Hospital treatment for the great majority of casualties from Redditch is provided in one of three ways. The most serious cases are usually treated at Selly Oak hospital in Birmingham—a journey of about 15 to 18 minutes by ambulance. Other, less serious, cases are dealt with either at one of the hospitals in Bromsgrove, about seven miles away, or, if the casualty arises between 9 a.m. and 5 p.m. on a Monday to Friday, at the Smallwood hospital in Redditch.

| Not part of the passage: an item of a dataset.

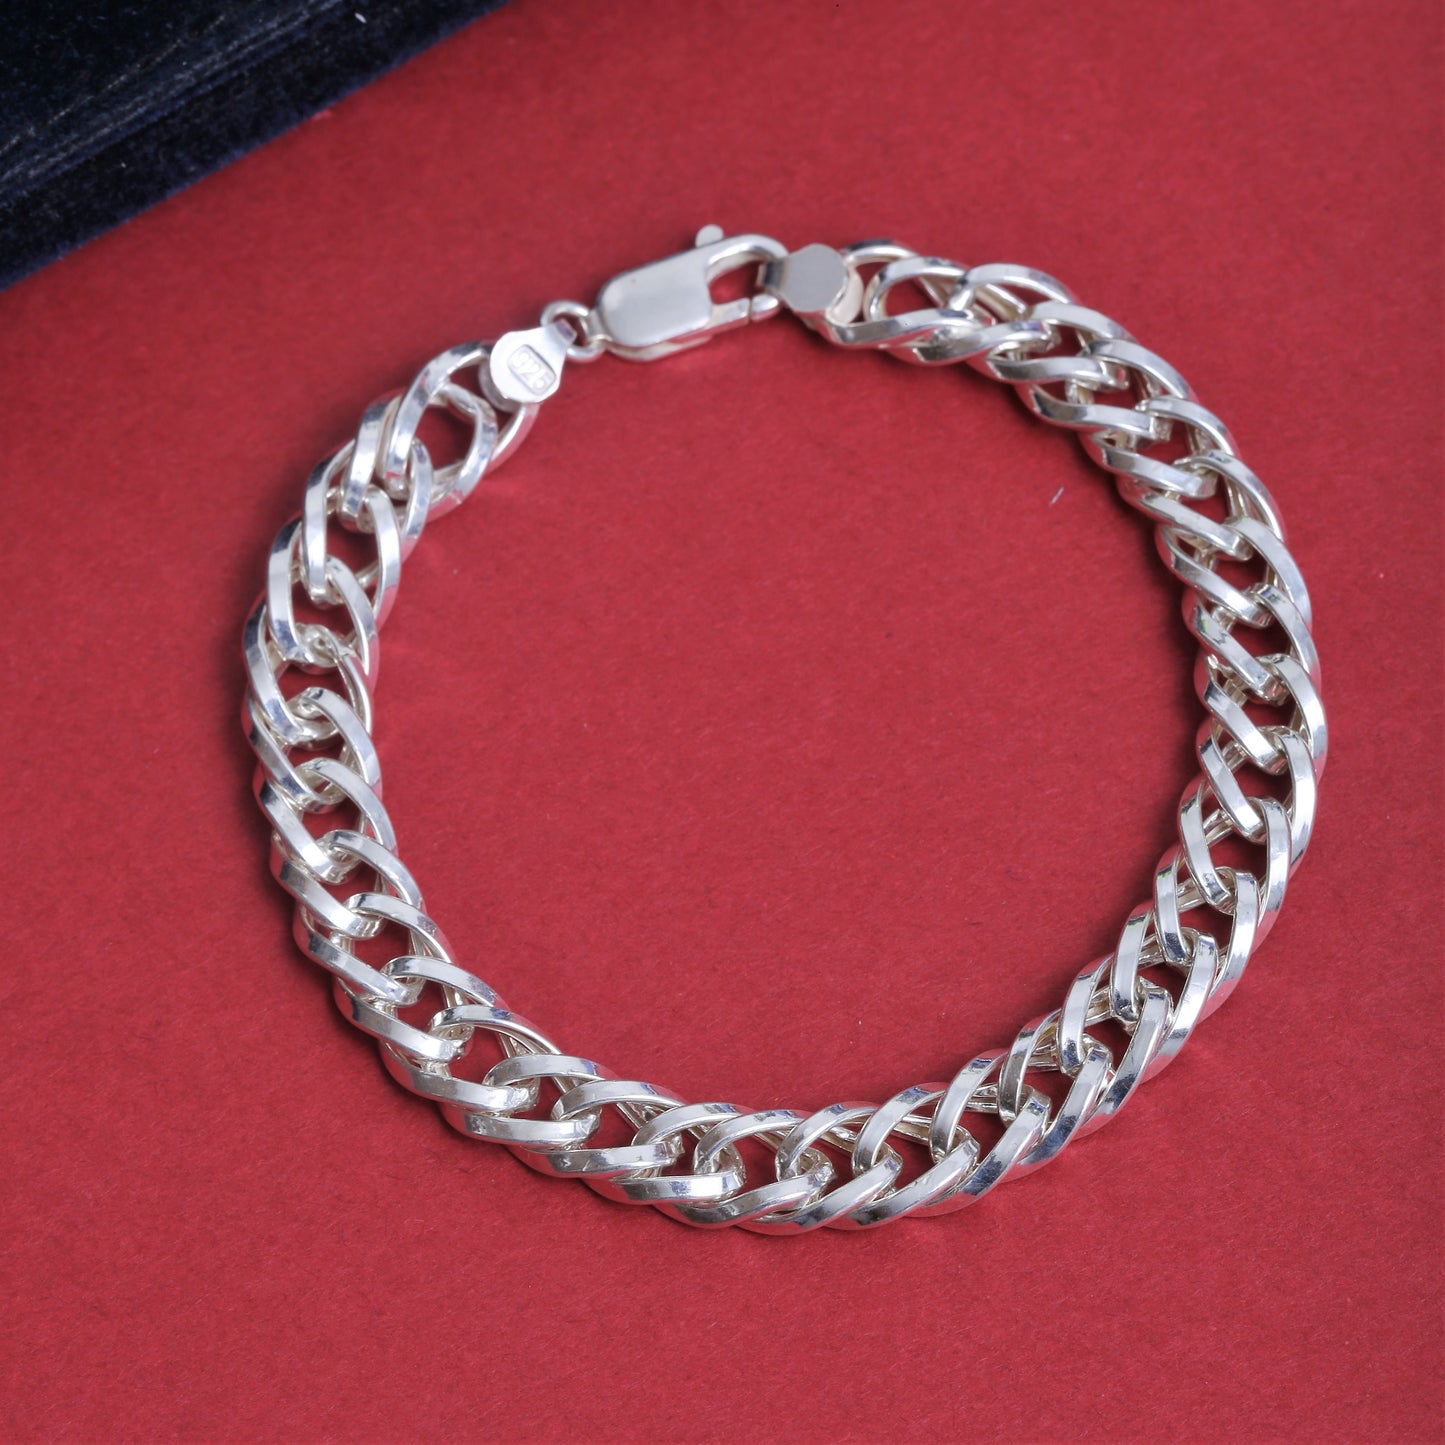 925 Sterling Silver Bracelet - Hollow Cuban Chain Bracelet - Length 8.5 Inches -Handmade Bracelet For Men

Smallwood hospital is a general practitioner hospital of some 42 beds, with a casualty department staffed by 24 local general practitioners. They provide medical cover according to a rota which they themselves have drawn up. The general practitioners are not necessarily in attendance at the hospital throughout their period of duty, but they obviously have to be immediately available if required. During the last period of 12 months for which figures are available there were, on average, 170 new patients treated at Smallwood hospital each week. It does appear, however, that the numbers have recently been increasing. Until the end of March 1977 the general practitioners in Redditch provided 24-hour seven days a week cover and were, at that time, treating about 260 new patients a week.

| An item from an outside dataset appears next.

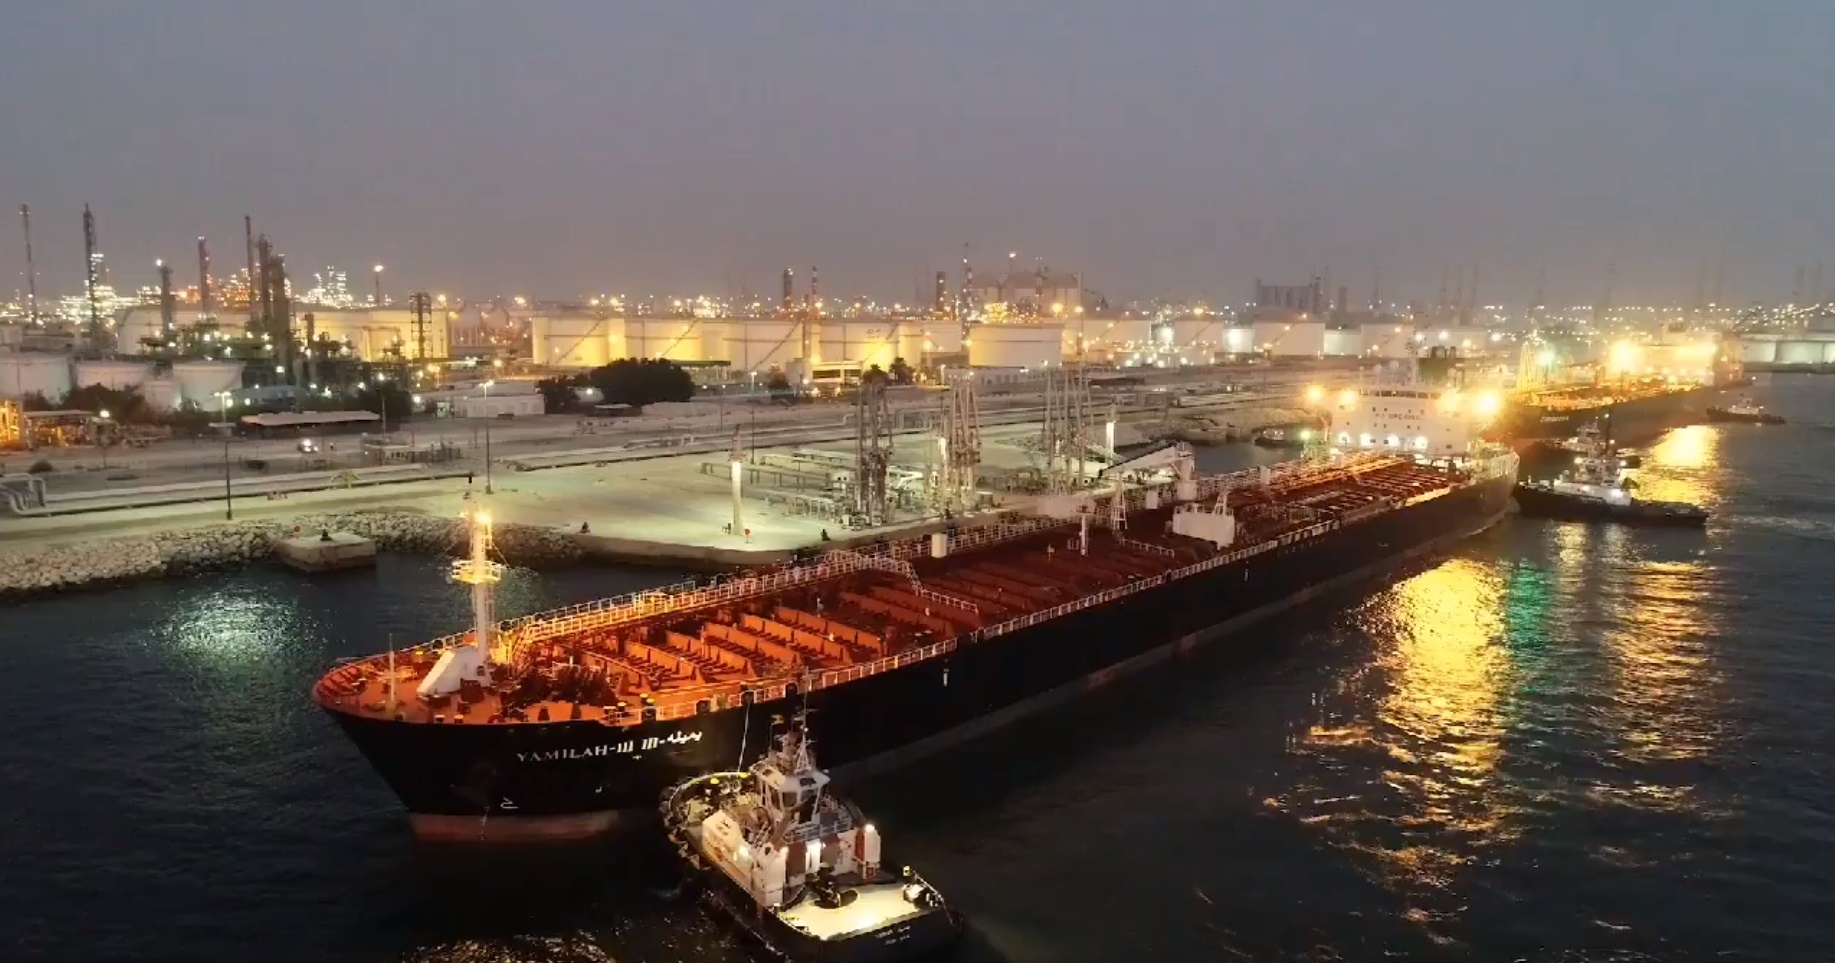 Châu Âu mua dầu thô của Abu Dhabi để hỗ trợ thiếu hụt từ Nga

I think it might be helpful if at this point I briefly describe the general picture with regard to the remuneration of general practitioners who work in general practitioner hospitals. At present, the only approved methods of remuneration are the staff fund—also known as the bed fund—system as provided for by the terms and conditions of service of hospital medical and dental staff, or, where appropriate, sessional payments at the part-time hospital medical officer rate. These practitioners are commonly referred to as clinical assistants. Where the number of patients attending the general practitioner hospital as casualties or the nature of the services being provided—that is, services other than those the general practitioner might have provided in his own surgery—are such that the staff fund alone is not considered to provide adequate remuneration for the work, health authorities may make sessional appointments at the clinical assistant rate to remunerate the work falling outside the scope of the staff fund.

The clinical assistant rate is, at present, £720 per year for one session per week. Each session is equivalent to three and a half hours' work at the hospital. There are no nationally agreed rates for "on-call" work for this group and health authorities are expected to agree locally on appropriate assessment of sessions for any on-call work, taking into account the amount of clinical work arising from the on-call commitment, not merely the length of time on-call. The rate of payment into the staff fund and the sessional fees payable to clinical assistants are those recommended by the Doctors' and Dentists' Review Body, the independent body set up to advise the Prime Minister of the day on matters of medical and dental remuneration within the NHS.

Discussions between the general practioners and the Hereford and Worcester area health authority about its future level of remuneration for services at Smallwood hospital began in 1976 when the general practitioners were still providing full casualty cover. I understand that at one stage it was thought that the general practioners might be eligible for the new hospital practitioner grade. As they were not working as part of a specialist consultant team, however, such a regrading was not possible. At another stage in the negotiations the general practitioners were made an offer that was subsequently withdrawn. I can well understand the general practitioners' frustration at these events which must clearly have adversely affected their relationship with the area health authority.

In the end the only agreement that could be reached was for the restricted casualty service now in operation for which the general practitioners as a group are paid 17 clinical assistant sessions a week. This total number is made up of three sessions per day plus an additional two per week to cover bank holidays, sick absences and so on.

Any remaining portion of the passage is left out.